Risk management Policy

The risk management policy should document all relevant aspects regarding risk management within MAHLE Metal Leve S/A (MAHLE) to assure a common understanding for the MAHLE Management Board (executive officers), the risk committee, the risk management organization and all relevant managers and employees that are affected in respect to risk management.

The main contents are to describe, explain and document:

all relevant definitions regarding risk management in general

the risk strategy and risk policy principles

relevant legal requirements

the scope of the related legal and management entities

the risk management process including risk reporting and risk controlling

the risk management organization at MAHLE

the key risk figures like maximum risk exposure, single risk tolerance, risk impact, risk likelihood and risk value

The policy is valid for MAHLE and for all companies that MAHLE holds the majority stake directly or indirectly. All employees of these companies and their boards must adhere to this manual and they must ensure its implementation. Furthermore it is applicable to foreign companies of MAHLE, provided that MAHLE holds a direct or indirect majority of voting rights. If a direct application of the regulation is not possible due to deviating country specific legal regulations, then adequate regulations must be specified and documented by the foreign company controlled by MAHLE.

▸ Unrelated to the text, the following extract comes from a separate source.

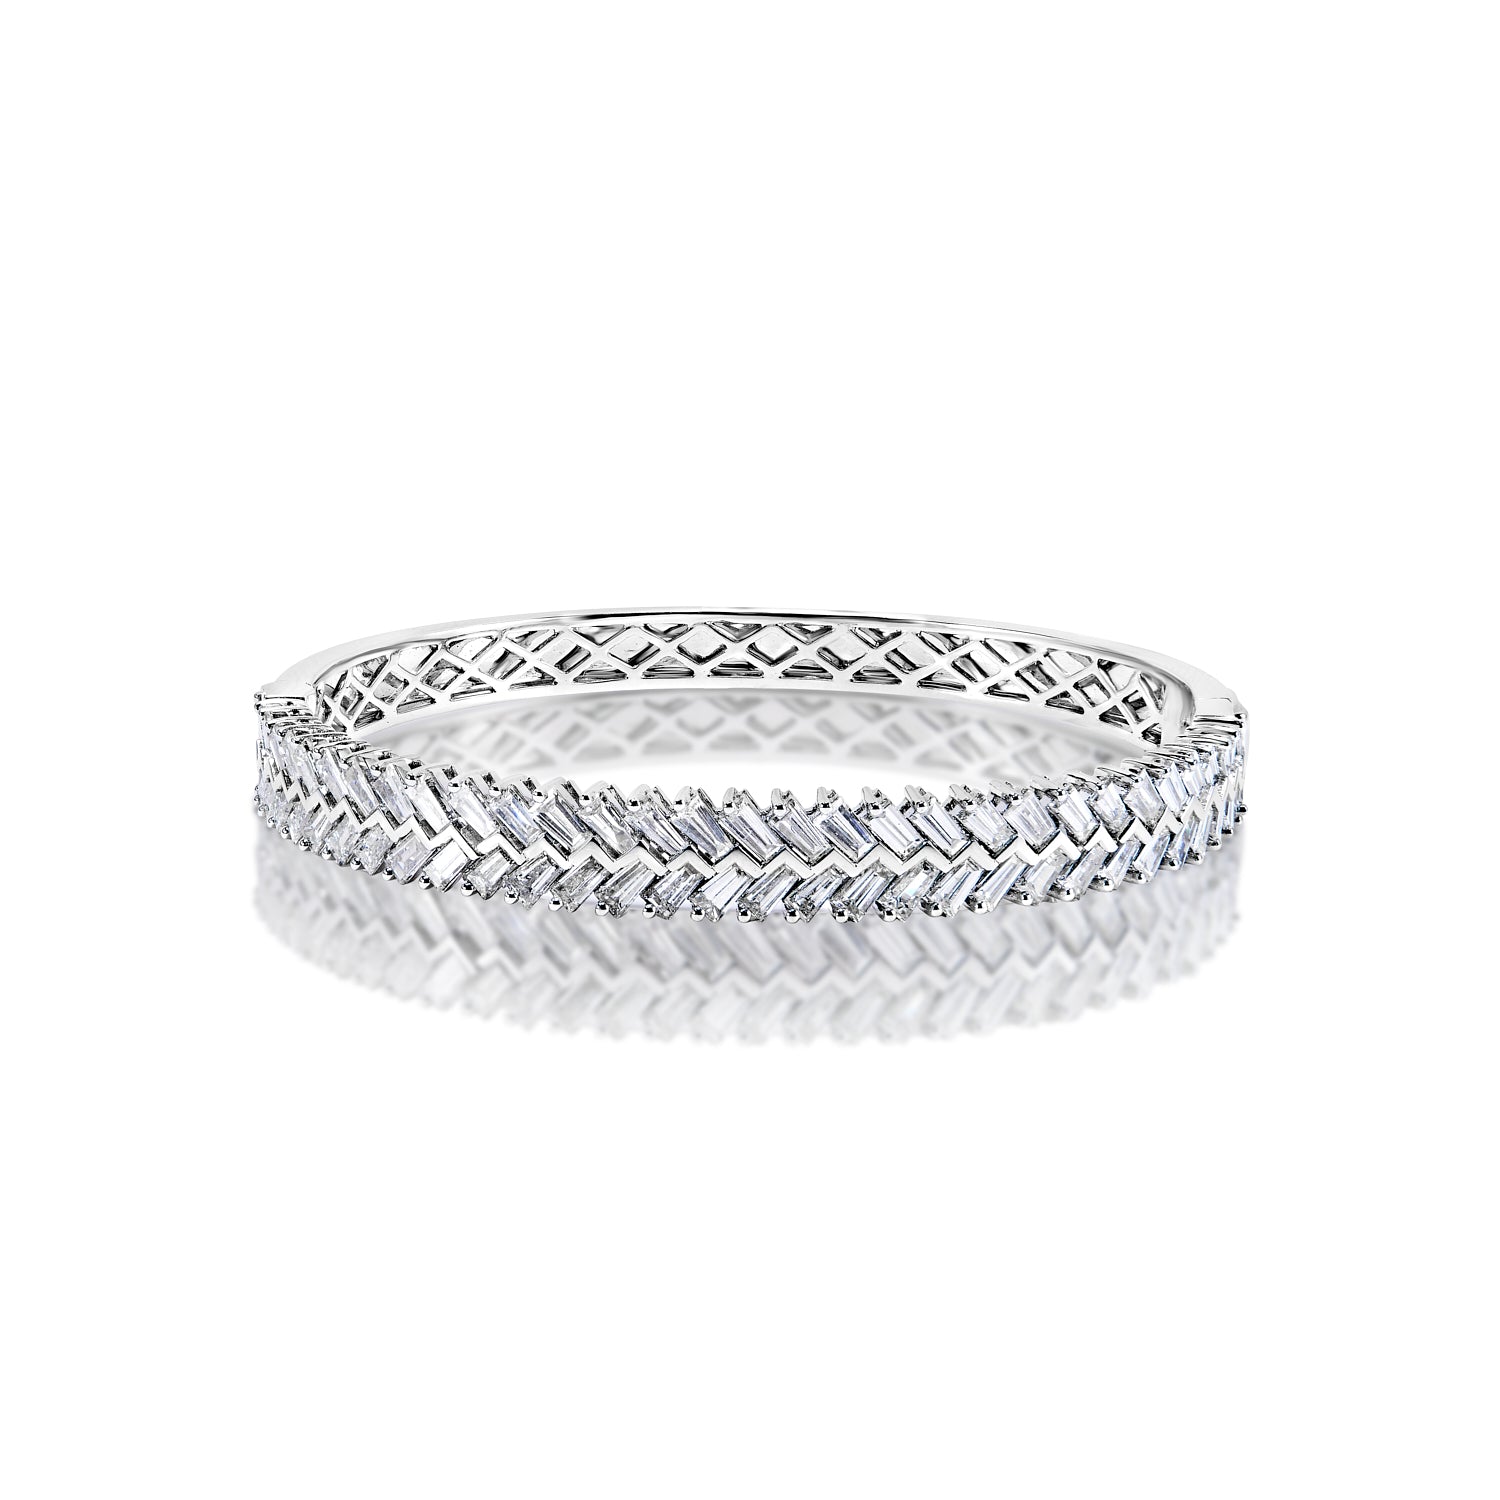  SKYE 6 Carat Emerald Cut Diamond Bangle Bracelet in 14k White Gold Full View

The rules are adapted to MAHLE risk level in order to fulfill the CVM (Comissão de Valores Mobiliarios) requirements.

Within this policy risk is defined as any internal or external development that jeopardizes the achievement of the goals and objectives of the MAHLE. Risk can be of a strategic nature (“Are we doing the right things?”) as well as of an operative nature (“Are we doing things in the right way?”). More precisely, risk is the possible negative deviation of the planned/budgeted profit within the business planning process of the MAHLE.

Risk management is the process of systematically identifying and controlling threats that might impact the company’s goals. This process needs to be consistently applied across all sections of MAHLE (see scope chapter 1) and it should be cost effective and proportionate to the risks being managed.

The MAHLE risk strategy determines that risks should only be taken to increase the enterprise value but to avoid risks that would endanger the continuous existence of the company. To comply with this risk strategy, risk-related actions should be in line with the following risk policy principles for MAHLE itself including all the subsidiary companies (see scope, chapter 1) and all employees:

The corporate goals and the entrepreneurial activities are target- and future-oriented with regards to a strict observance of the legal framework and ethical principles.

If opportunities arise both within the framework of the business and the market as well as in accordance with the corporate targets, MAHLE will take advantage of these opportunities. The risks related to this topic will be recognized systematically and reduced to a minimum by strategies and measures of the risk management organization considering the possible profitability. In this context even a conscious decision to take a risk is part of management decisions.

In conclusion it can be said that risk management always has to deal with different levels of risks in order to increase and protect the enterprise value. In the following chart the addressed risk assessment is illustrated as example:

Chart 1: Comprehensive view of risks

An important element of MAHLE’s risk strategy is to keep its business activities focused on the core business of products for example automotive, industrial and service markets. That implies for example that MAHLE is using financial market instruments like derivatives only to balance risks from its core business (e.g. exchange rate risks) but not with the objective of making speculative profits.

The control of the occurring risks at MAHLE can be summarized to the following strategies (list includes the main elements but is not to be seen as complete):

- Avoidance of risks:
  - Violation of any law or regulation
  - Endangering the future existence of the company
  - Negative effect on the reputation
  - Endangering profit
  - Adverse influence on the safety of all stakeholders

- Limitation / Mitigation of risks: This refers to risks which could not be prevented. Therefore MAHLE defines additional mitigating control measures for the respective risk in order to make sure the impact is lowered to acceptable levels, e.g.:
  - Exchange and interest rates
  - Develop backup solutions for single suppliers
  - For most of the existing business risks mitigation measures and controls have to be defined

- Transfer or partly transfer of risks, e.g. to insurance:
  - Product liability and recall issues due to quality problems
  - Fire, flood, explosion, earthquake, tornados and other severe damages
  - Production interruption and consequential damages
  - Fraud or negligent behavior of management
  - Theft or to third parties through contractual regulations (e.g. supplier warranty agreements)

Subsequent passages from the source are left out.